# Data Inspection

The  processs of data inspection involves testing your assumptions about your dataset. This includes validation of data values, verification of data structure, examining data distributions, among other dataset properties.

Anticipating and testing for the ways in which your data could be flawed should be among the first steps in your workflow after data collection. Scripting any corrections made to your dataset will be important for the reproducibility of your findings.
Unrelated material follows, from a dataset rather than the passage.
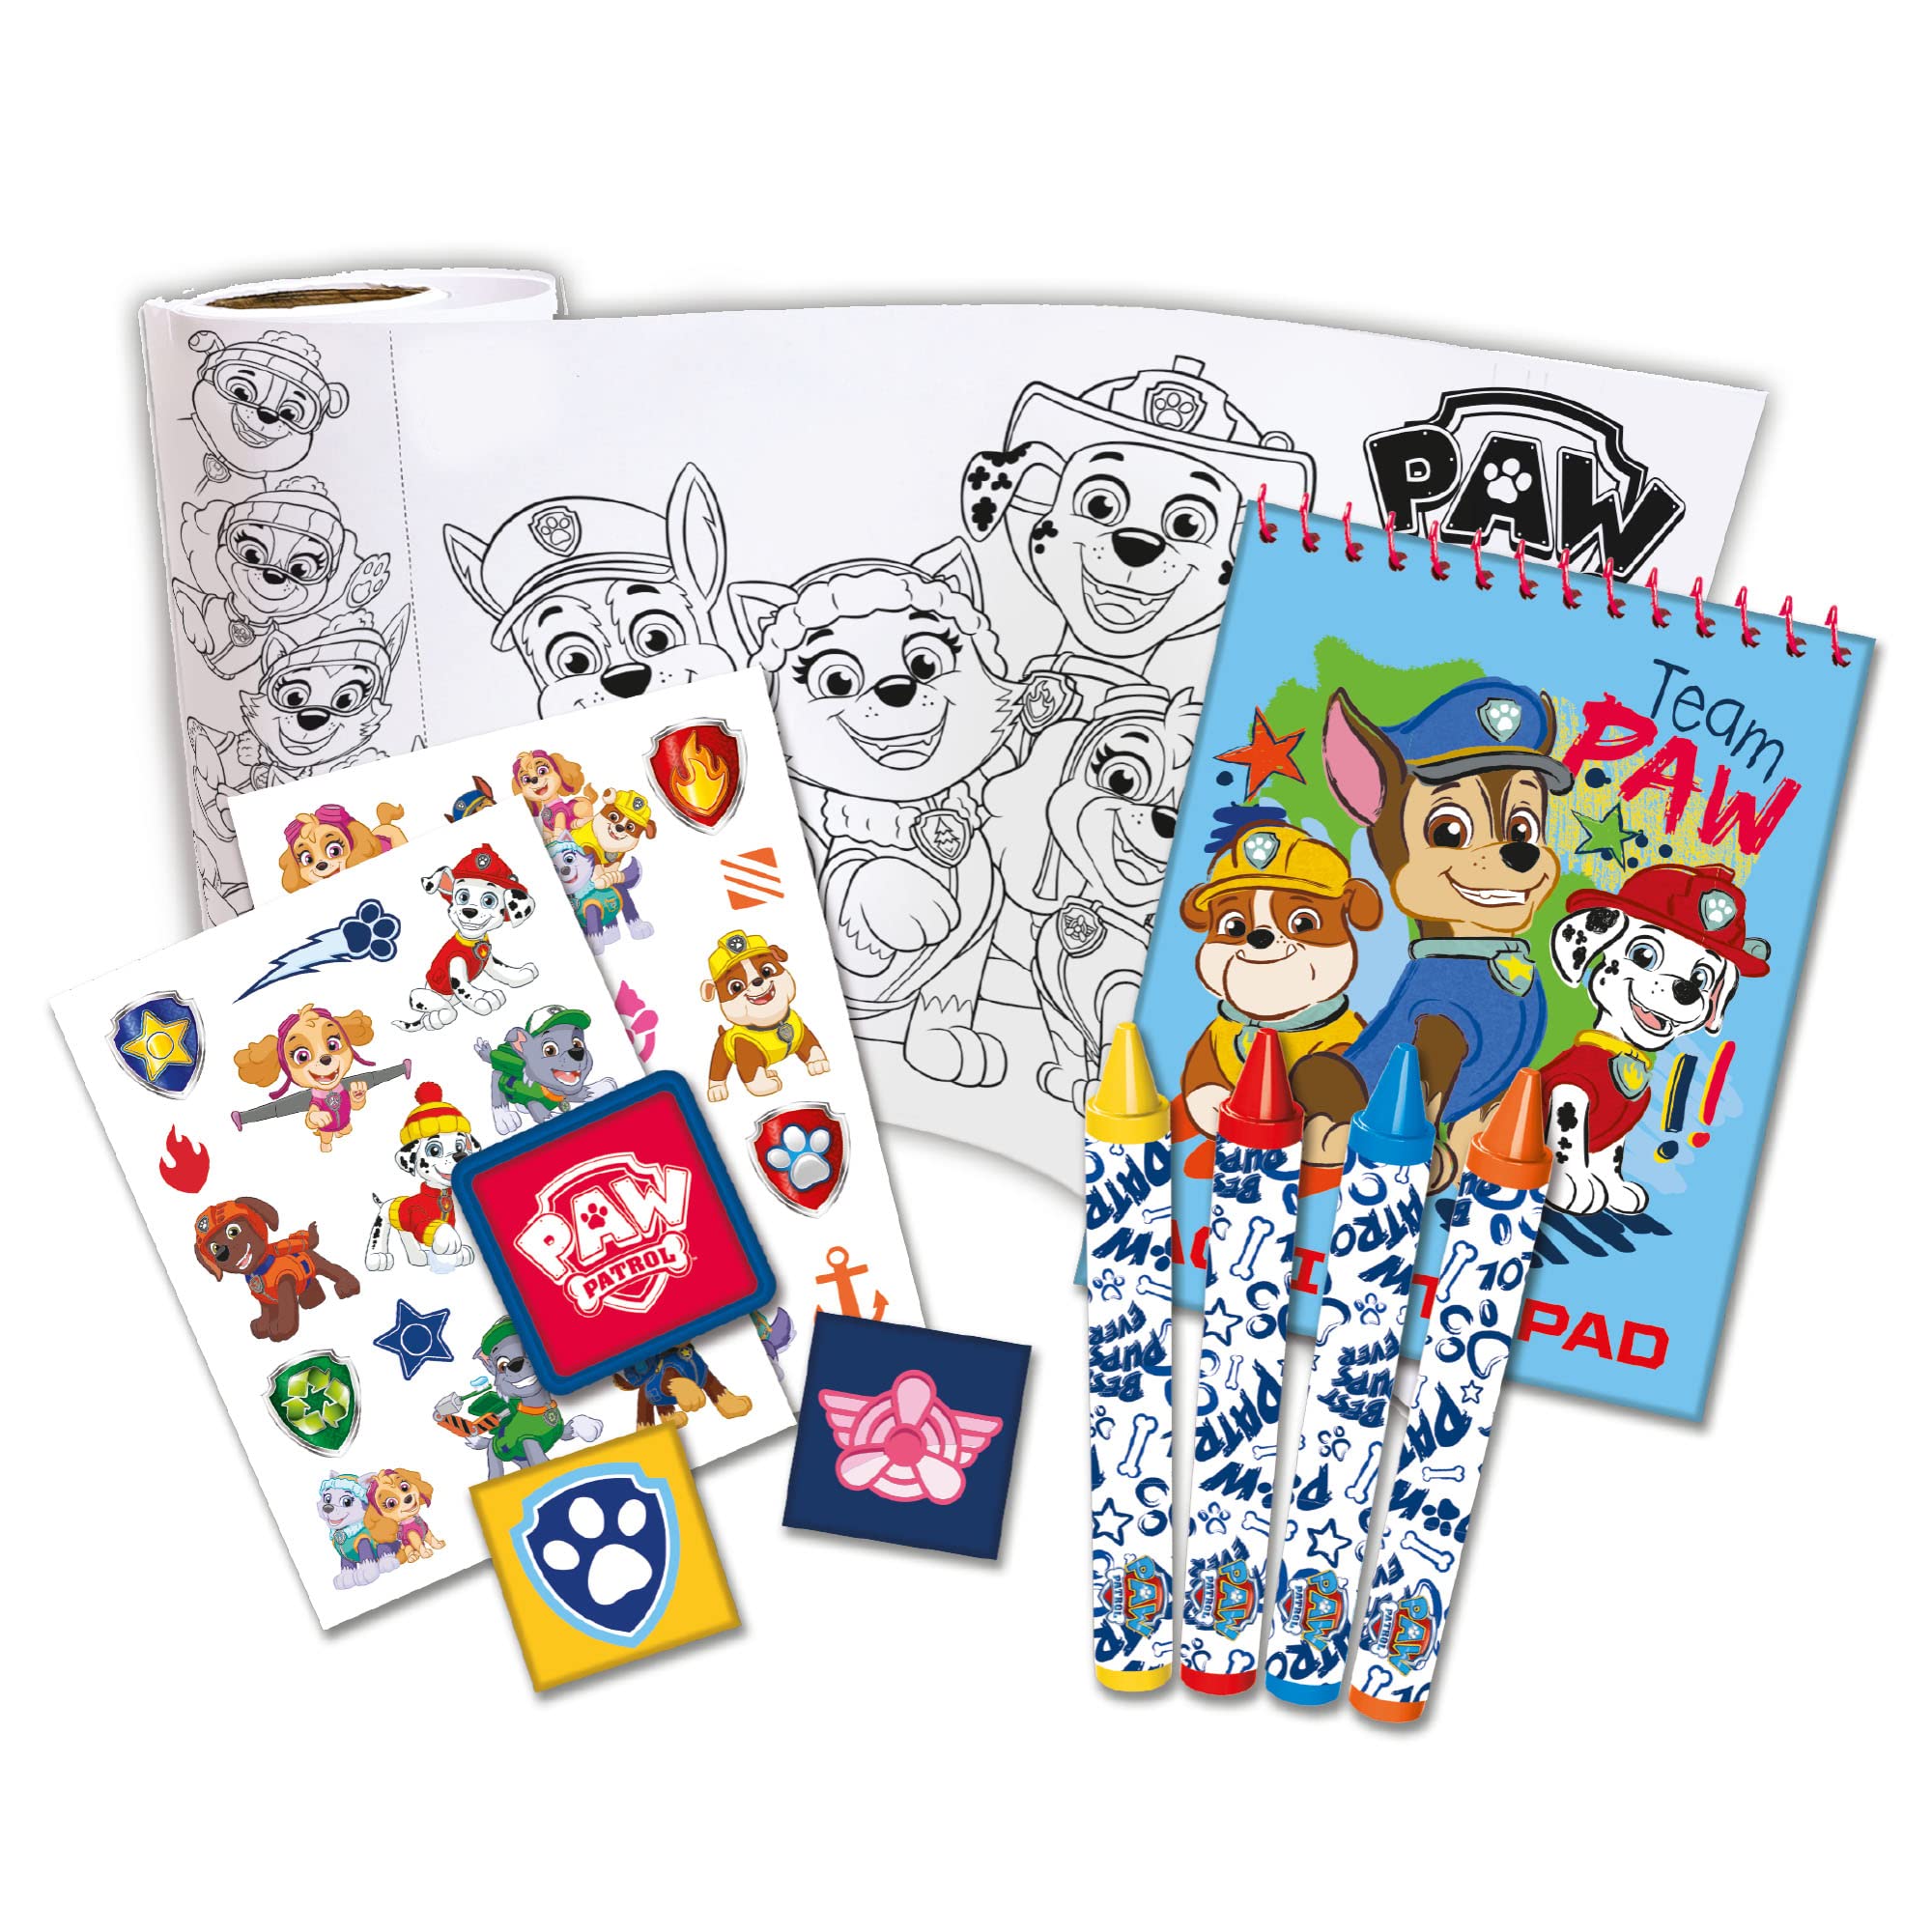 Tara Toy Paw Patrol My Own Creativity Set - Spark Creative Expression in Kids, Ages 3 & Up, Multi-Purpose Arts & Crafts Kit for Boys and Girls. Create, Craft, and Imagine with This All-Inclusive Set
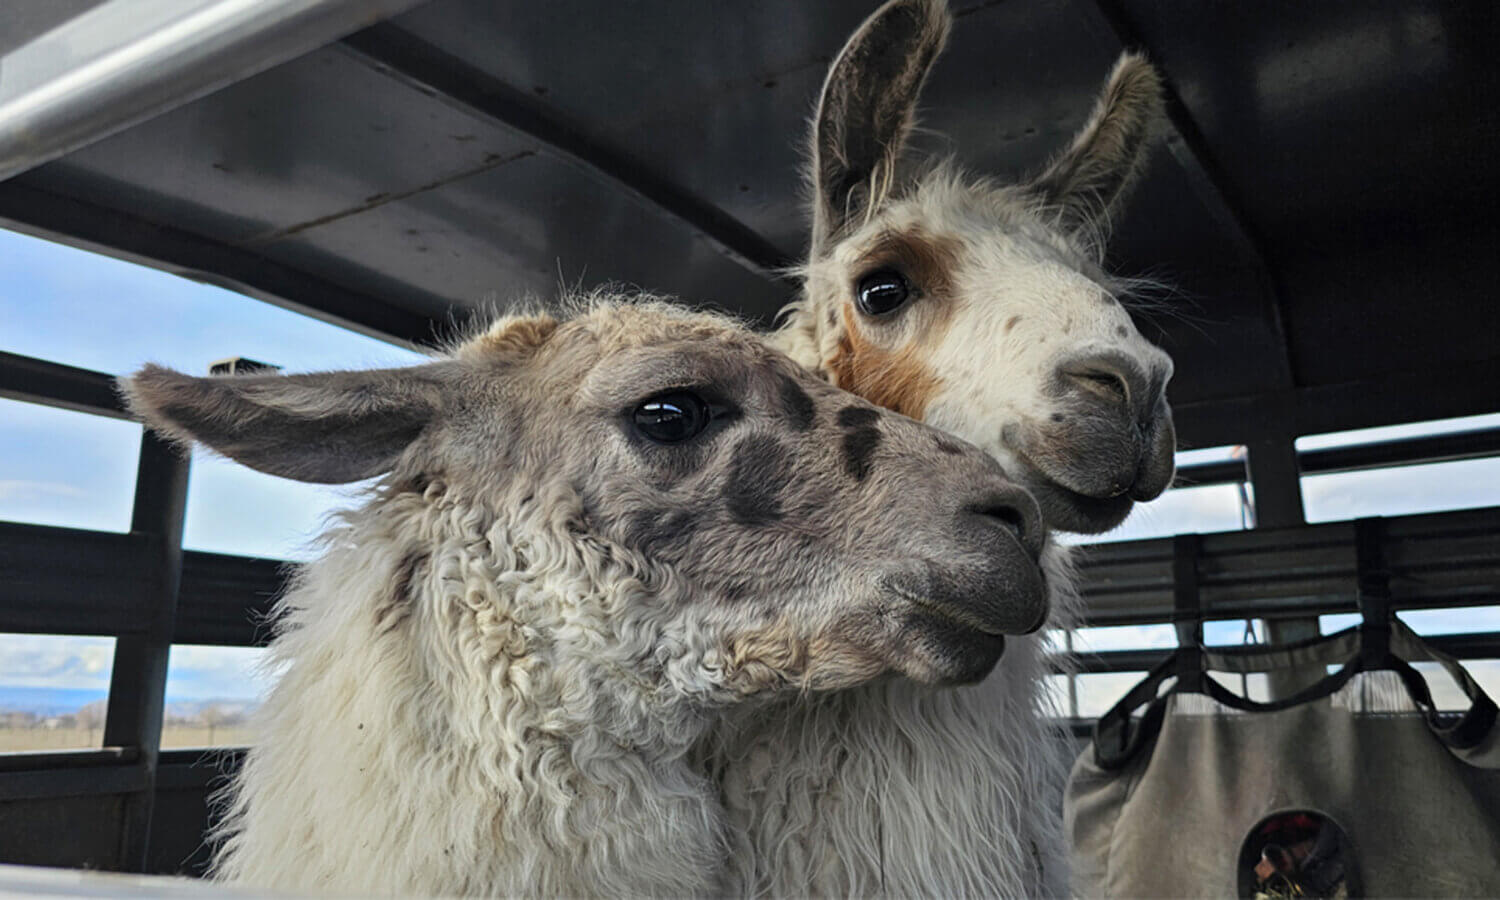 Two llamas looking curiously at the camera from inside a trailer after being rescued.

### Install necessary packages

In [None]:
! pip install --user geopy
! pip install --upgrade pandas

### Dataframes:
- Part of the pandas data analysis package (https://pandas.pydata.org/)
- Two-dimensional size-mutable, potentially heterogeneous tabular data structure with labeled axes (rows and columns).

In [None]:
import pandas as pd
import warnings
warnings.filterwarnings('ignore')

### Load FEC contribution data and import data into dataframe
- This dataset contains individual and organizational contributions to political action committees during 2015 and 2016
- Goal: create dataset of contributions from individuals from the US. Data is to be used in a zip code level analysis of financial support and political affiliation.

In [None]:
donation_df = pd.read_csv('contributions2015_2016.txt', delimiter='|', nrows=5000000)

In [None]:
donation_df.head()

### Create dataframe with only columns of interest

In [None]:
d_df=donation_df[['ENTITY_TP','NAME','CITY','STATE','ZIP_CODE','EMPLOYER','TRANSACTION_AMT','Year','CMTE_PTY_AFFILIATION']]

In [None]:
d_df.head()

### Validate transaction amounts

In [None]:
# Validate for positive transaction amounts
trans_validate = d_df['TRANSACTION_AMT'] < 0
sum(trans_validate)

In [None]:
neg_df = d_df[d_df['TRANSACTION_AMT'] < 0]
neg_df.head()

### Limit dataset to individual contributions for 2016

In [None]:
ind_df = d_df[(d_df['ENTITY_TP'] == 'IND') & (d_df['TRANSACTION_AMT'] > 0) 
                     & (d_df['Year'] == 2016)]
ind_df.head()

### Examine data structure and data types

In [None]:
ind_df.shape

In [None]:
ind_df.info(verbose=True)

### Validate zipcodes with regex and normalize to five digits

In [None]:
# Validate zipcode as five digit number
zip_validate = ind_df['ZIP_CODE'].str.match(r'^\d{5}$').astype(bool)
print(sum(zip_validate))
print(len(zip_validate))

In [None]:
# Non-five digit zipcodes
ext_zip_df = ind_df[ind_df['ZIP_CODE'].str.match(r'^\d{5}$').astype(bool) == False]
ext_zip_df.head()

### Create pandas series with first five characters of zip code field

In [None]:
five_zip = ind_df['ZIP_CODE'].apply(str).str[:5]
five_zip[:9]

In [None]:
ind_df.drop(columns=['ZIP_CODE'])
ind_df['ZIP_CODE'] = five_zip
print(ind_df.shape)
ind_df.head()

In [None]:
# Non-five digit zipcodes
ext_zip_df = ind_df[ind_df['ZIP_CODE'].str.match(r'^\d{5}$').astype(bool) == False]
ext_zip_df.head()

In [None]:
# reduce dataframe to only valid us zip codes
ind_df=ind_df[ind_df['ZIP_CODE'].str.match(r'^\d{5}$').astype(bool)]
ind_df.shape

### Save clean data to file

In [None]:
ind_df.to_csv("fec_clean.csv", index=False)

## Reshaping data

Principles of tidy data organization
(https://vita.had.co.nz/papers/tidy-data.pdf)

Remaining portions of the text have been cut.